I simply think that the laws out to be brought into better alignment with reality, and ideas simply aren't scarce (at least in how economics considers scarcity).
> as it fails to give credit to others for the idea
That is precisely the issue at hand.
> Ideas are fundamentally different
But that's essentially what products are. It's not like chinese companies take a product and clone it, they take the idea of how to make a product look like and work and implement it. Same applies to code, art, books. OpenAI takes those products, the results of ideas, modify them and resell them without attribution or without having paid a license. That's simply theft.
Also, assuming you're writing from a United States perspective, part of the reason so much of our manufacturing sector was outsourced to China (and other nations) is that since 1971 the US dollar has been our primary export, as the global reserve currency among all the fiat currencies. This is starting to change, so I think we'll see more and more manufacturing returning to the USA as the dollar looses international reserve status. And I wonder to what extended Chinese copying our technologies is connected to macro monetary realities.
It will be generally good for the world, for American manufacturing, workers, businesses, and families---pretty much for all except Wall Street banks and those close to the government money spigots.
I am writing from a european perspective as we share common problems caused by countries copying our products and ideas. Now it would appear that the US wants to do the same but for intellectual work. That's not nice to put it mildly. I think licensing data, expensive as it may be, would eventually lead to higher quality ai and healthier growth. At the moment this whole campaign of promoting openai's products, and those of similar companies, appears to be focused on: 1) i'll take your products (books, art, software, music) 2) resell them 3) put you out of a job.

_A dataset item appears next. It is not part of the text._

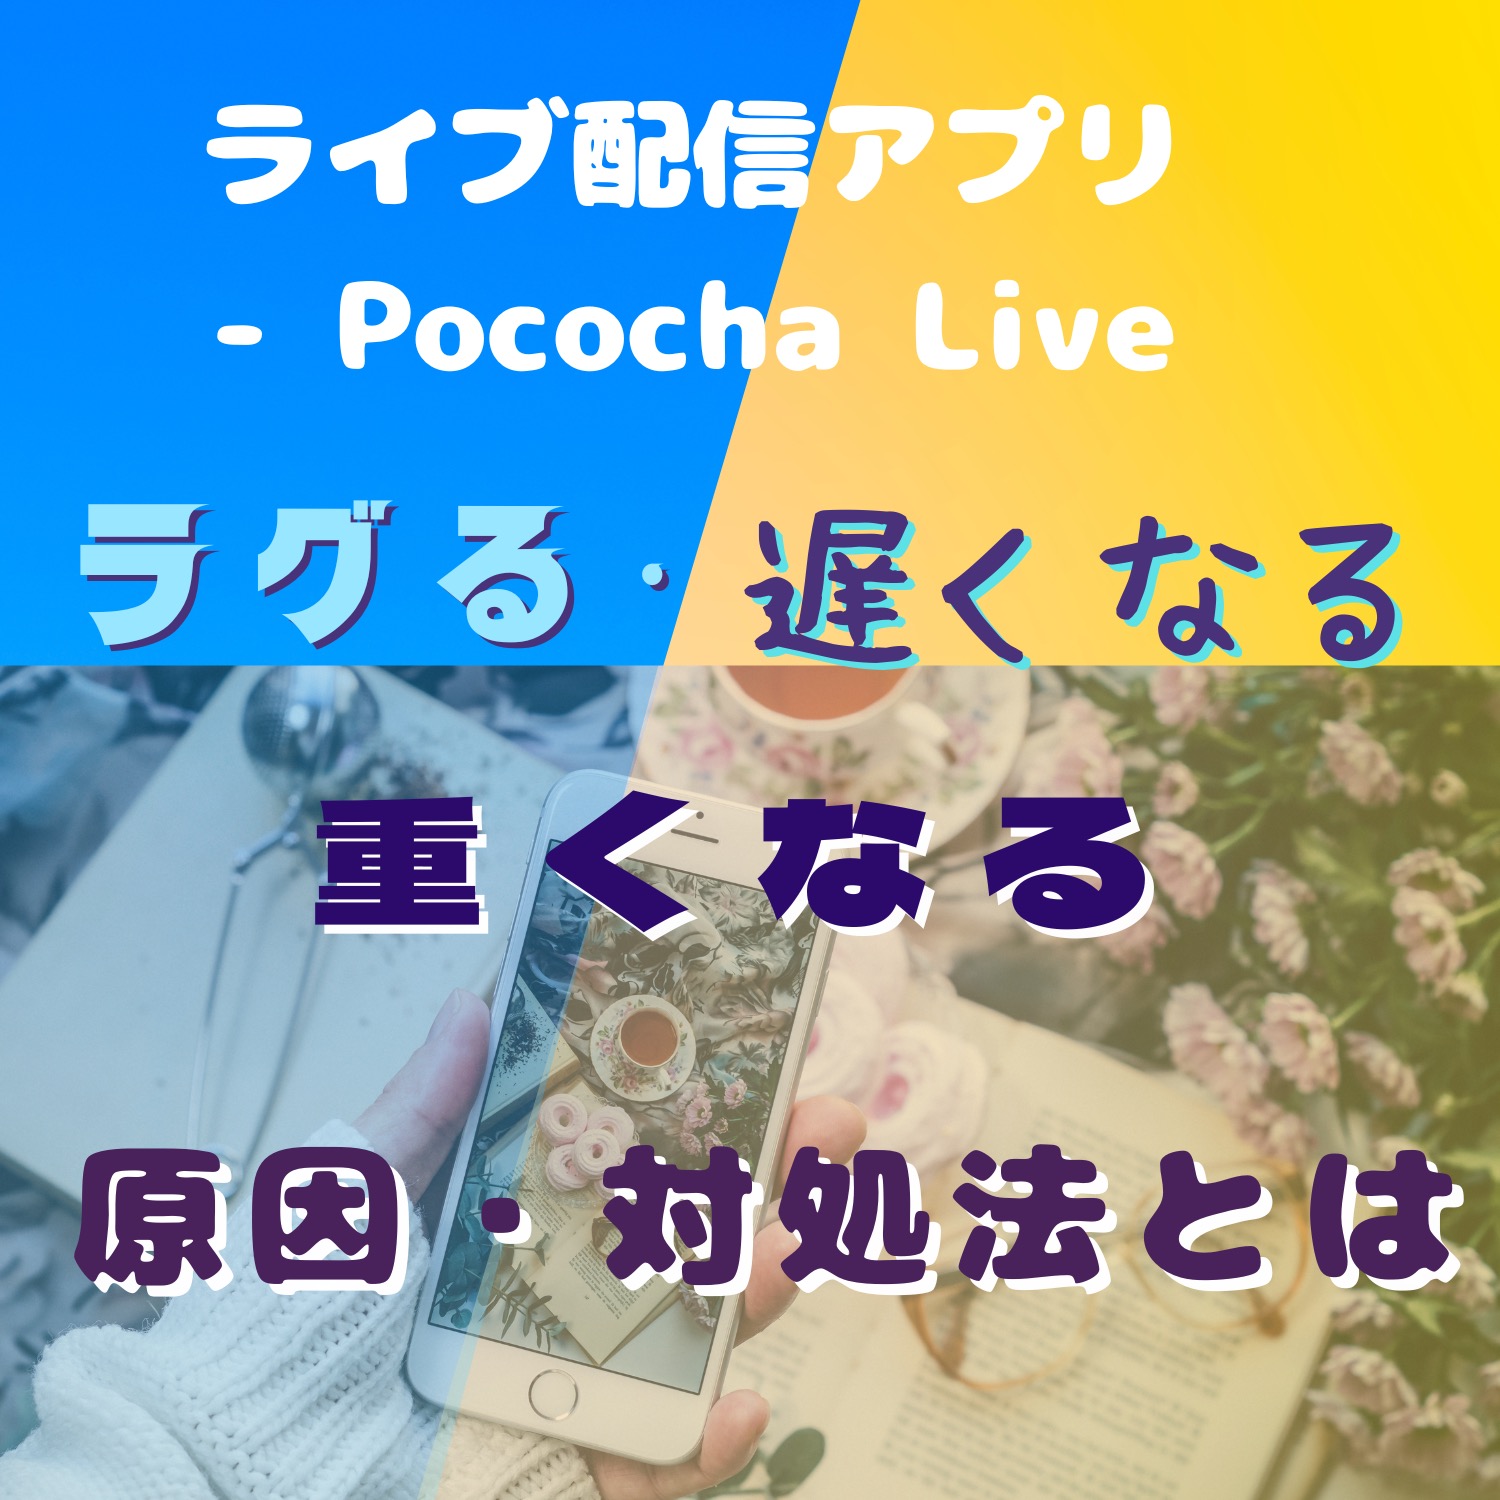 ライブ配信アプリ - Pococha Liveがラグる・遅くなる・重くなる原因と対処法とは #ライブ配信アプリ - Pococha Live

That's precisely what malicious actors such as China have done. Not only are we swamped with lower quality products, but as you wrote, we are also facing significant social and economic issues. This time at an unprecedented scale.

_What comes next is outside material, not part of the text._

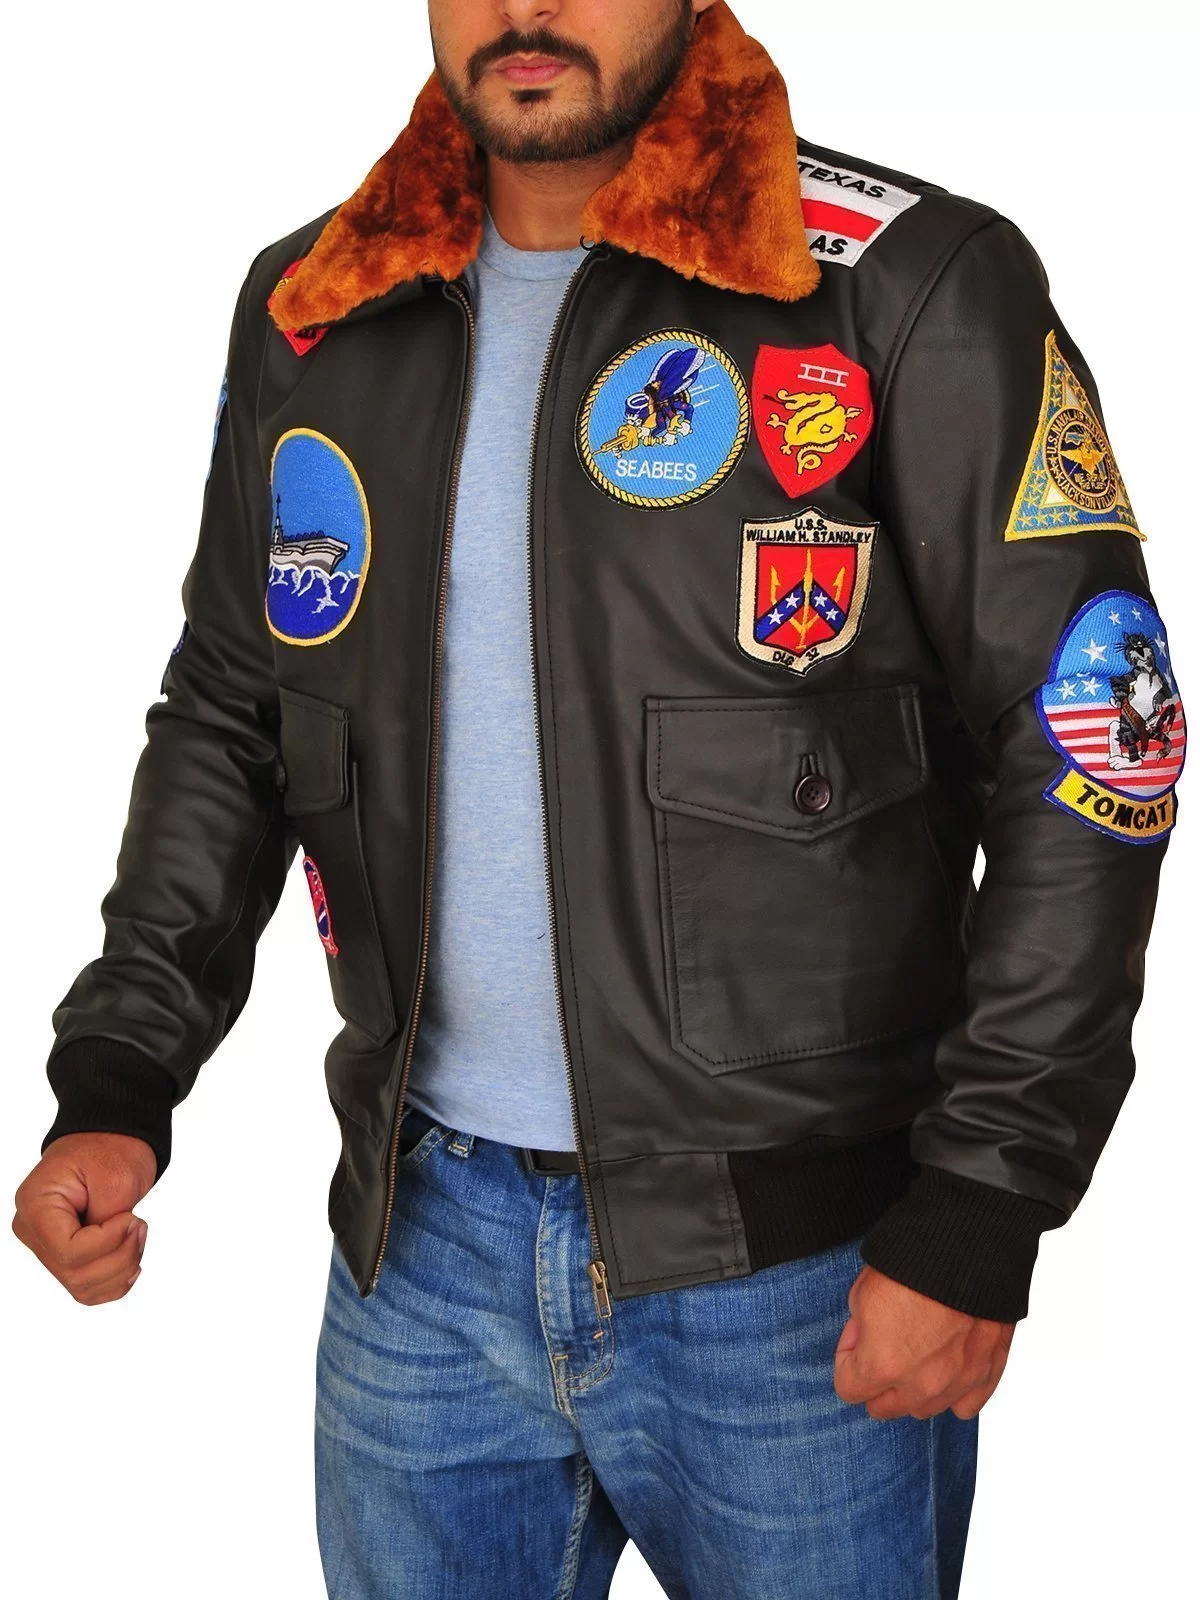 Tom Cruise Top Gun Jacket | Universal Jacket

I think it true in the technical manner. You can try to find it in the actual GDPR but that hard if you aren't a lawyer the UK ICO has a neater article on this:
Basically you just need to declare them in you privacy policy and keep a record for compliance.
In terms of LI though it's really complicated and I don't think anyone here on this site is in a position to say for sure if LI applies to what OpenAI is doing. There are arguments from both sides that make sense.
Even my own content has probably been used by them, against my wishes. I see it as unethical data usage. Additionally, the ethics of the company's history, changing to become entirely 'closed' while even keeping the name "OpenAI", makes me... angry, I suppose is the right word. Intuitively it seems to me that they will have a very bad influence on the world if they maintain dominance and continue to gain power
I cannot verify, but delving deep into electrical engineering topics I’m guessing most of that training set is coming from expensive college text books and papers that are behind paywalls. My guess is it scraped all of Sci-Hub. Which is a great resource, albeit illegal.